» **Information shown**:

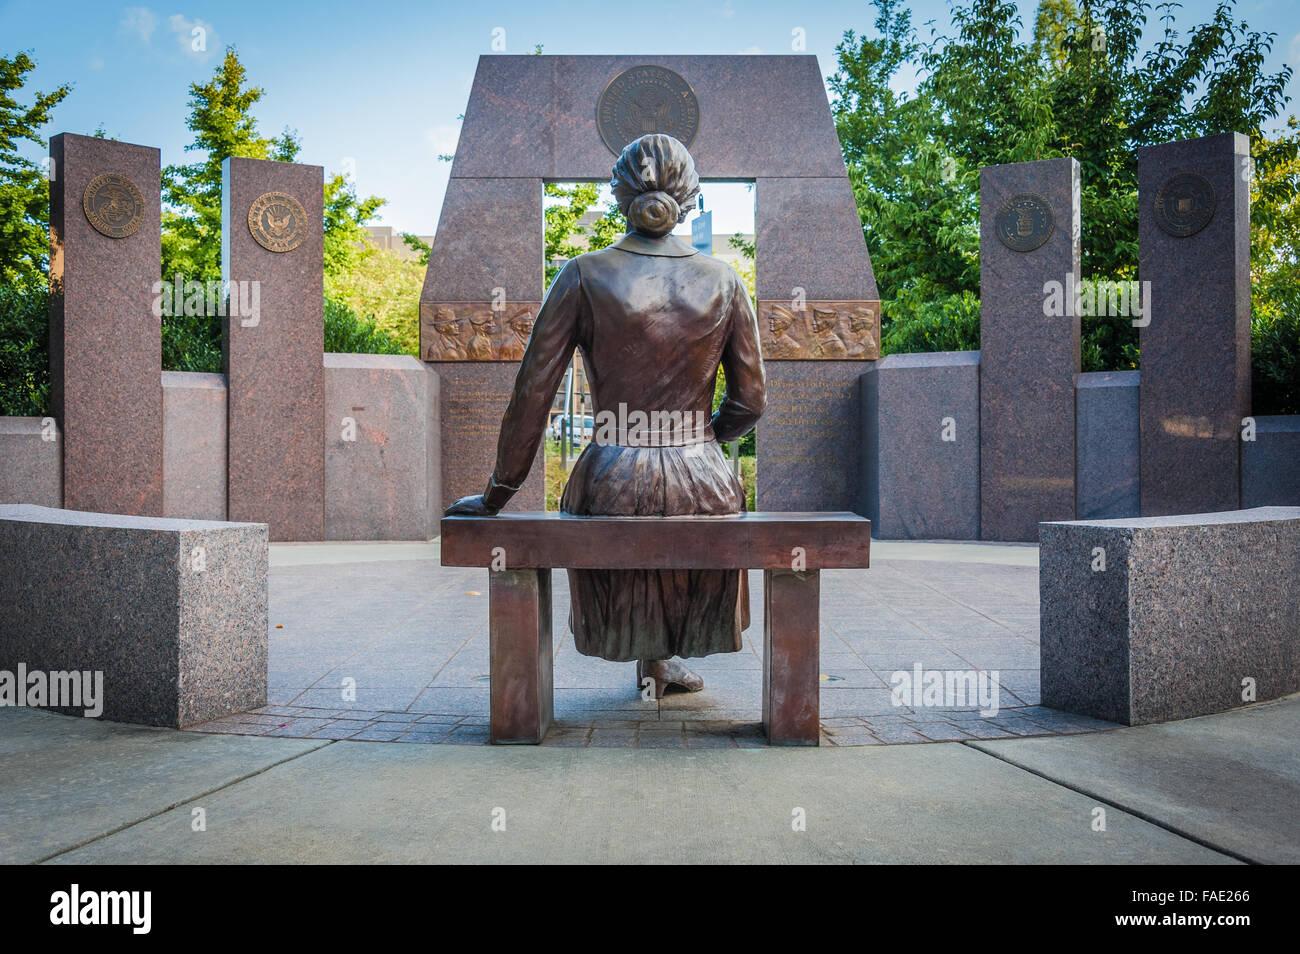 Western North Carolina Veterans Memorial at Pack Place Park in downtown Asheville, North Carolina, USA. - Stock Image
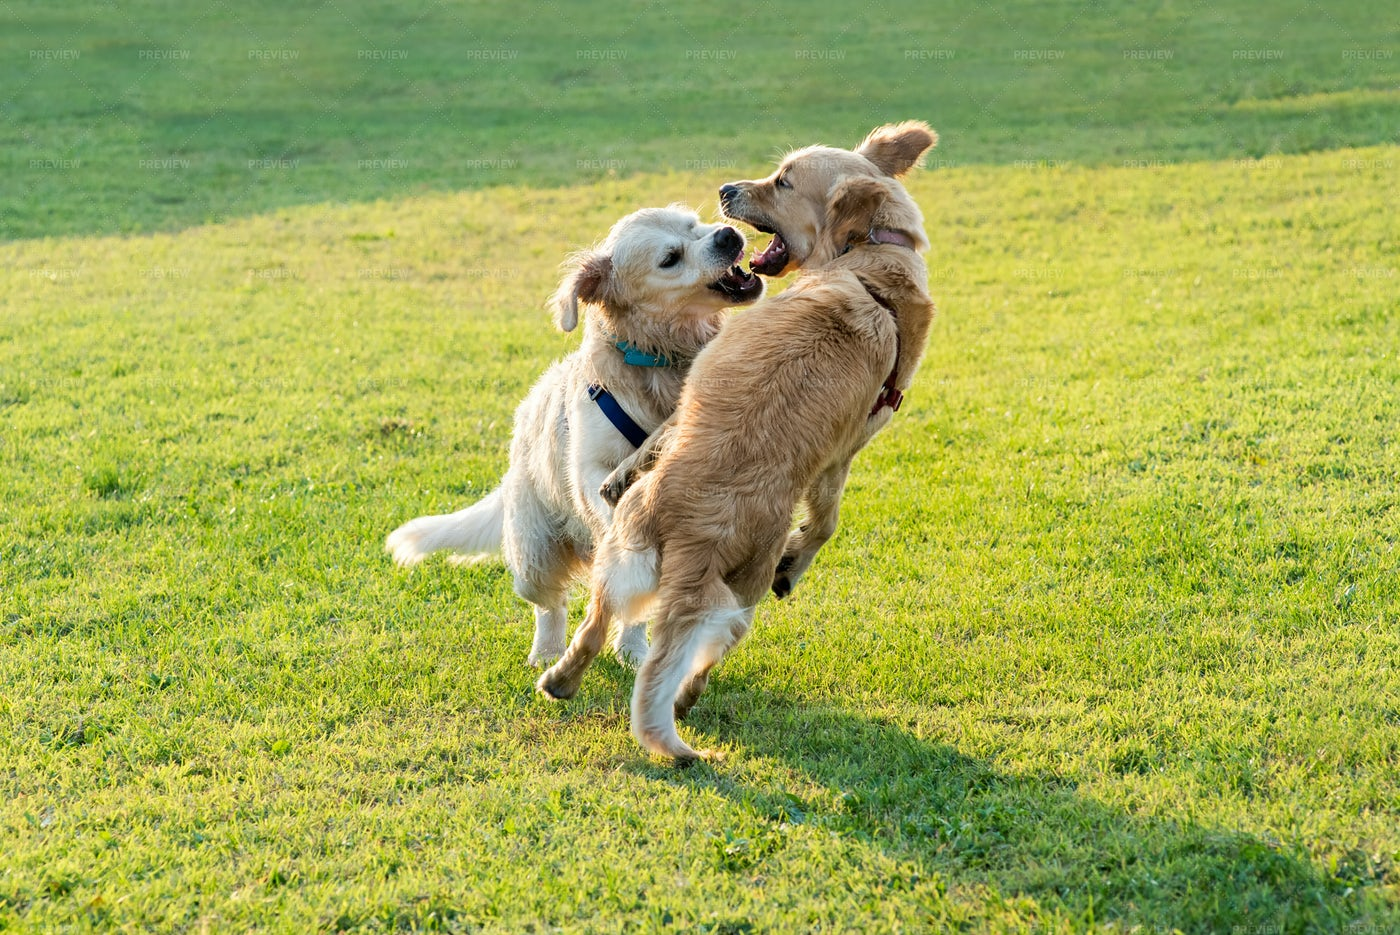 Golden Retriever Dogs Playing: Stock Photos
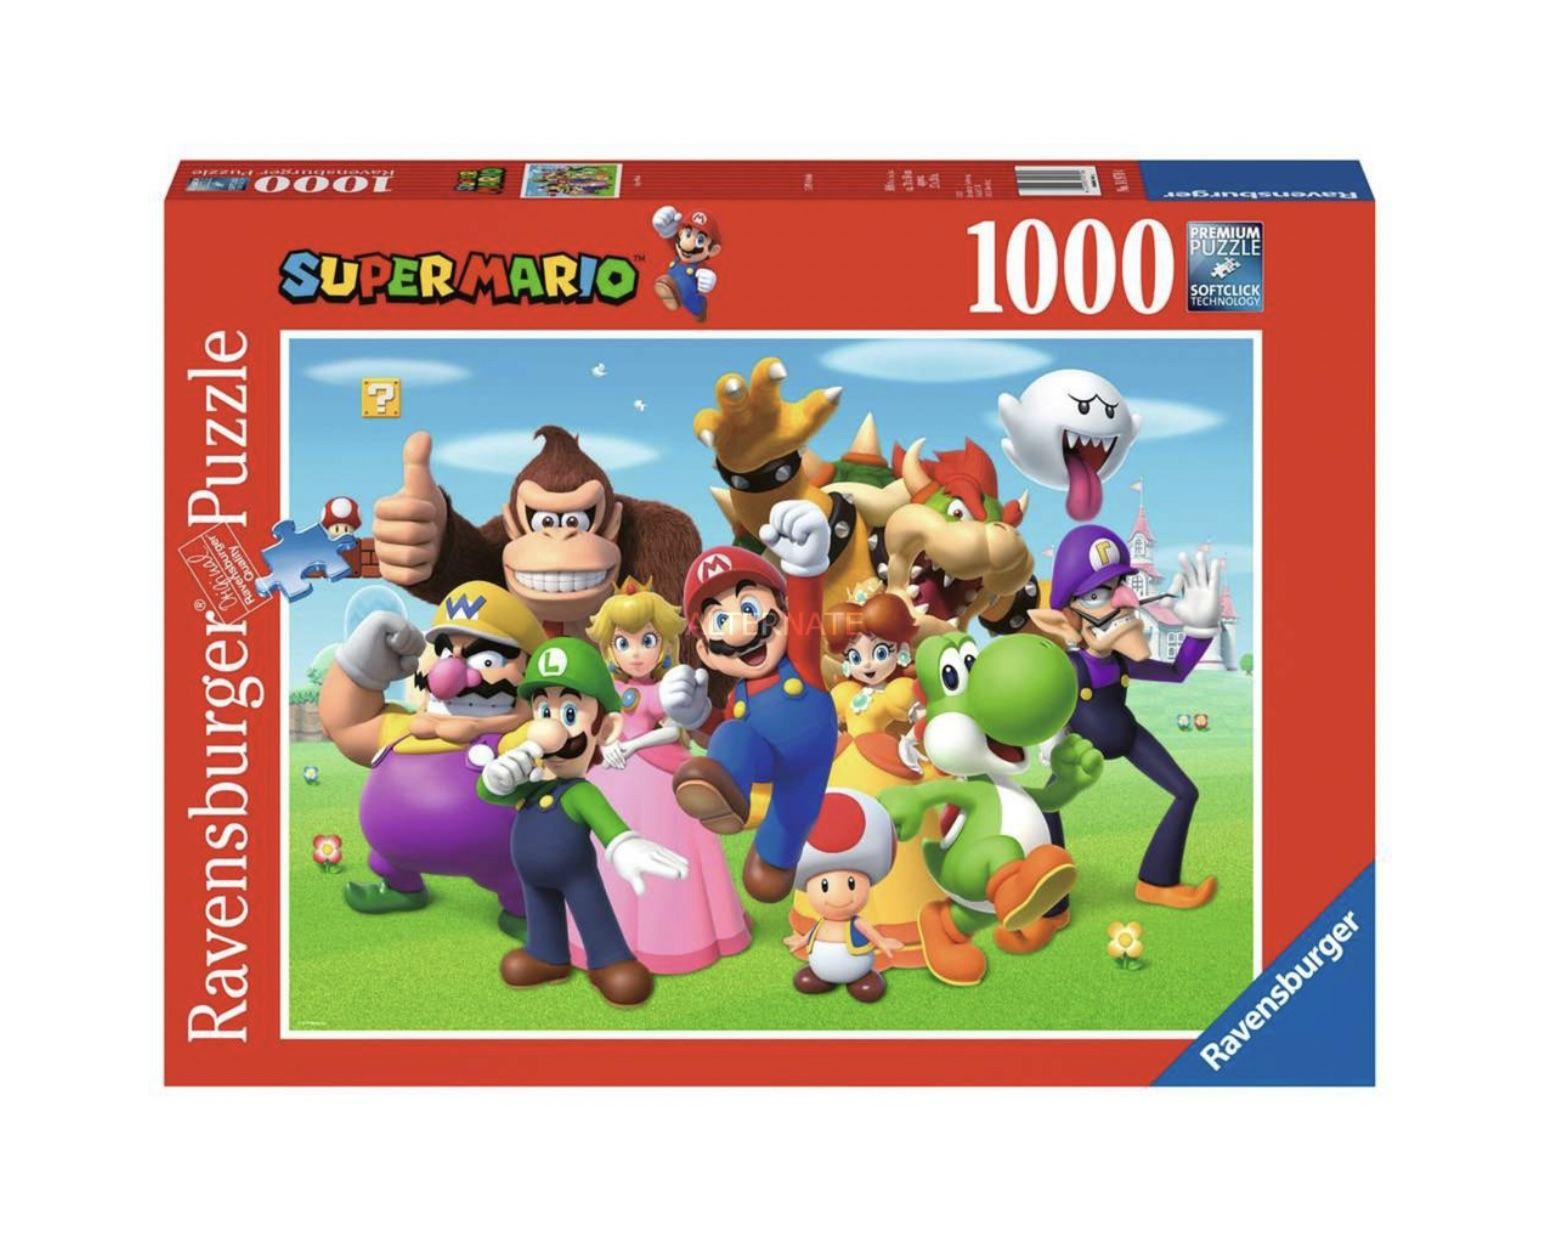 Ravensburger Puzzle 14970 – Super Mario für 8,99€ (statt 14€)

» **Exercise objective**:
Using the data above, write out every line exactly, leaving the images behind.

» **Solution to this exercise**:
 Western North Carolina Veterans Memorial at Pack Place Park in downtown Asheville, North Carolina, USA. - Stock Image
 Golden Retriever Dogs Playing: Stock Photos
 Ravensburger Puzzle 14970 – Super Mario für 8,99€ (statt 14€)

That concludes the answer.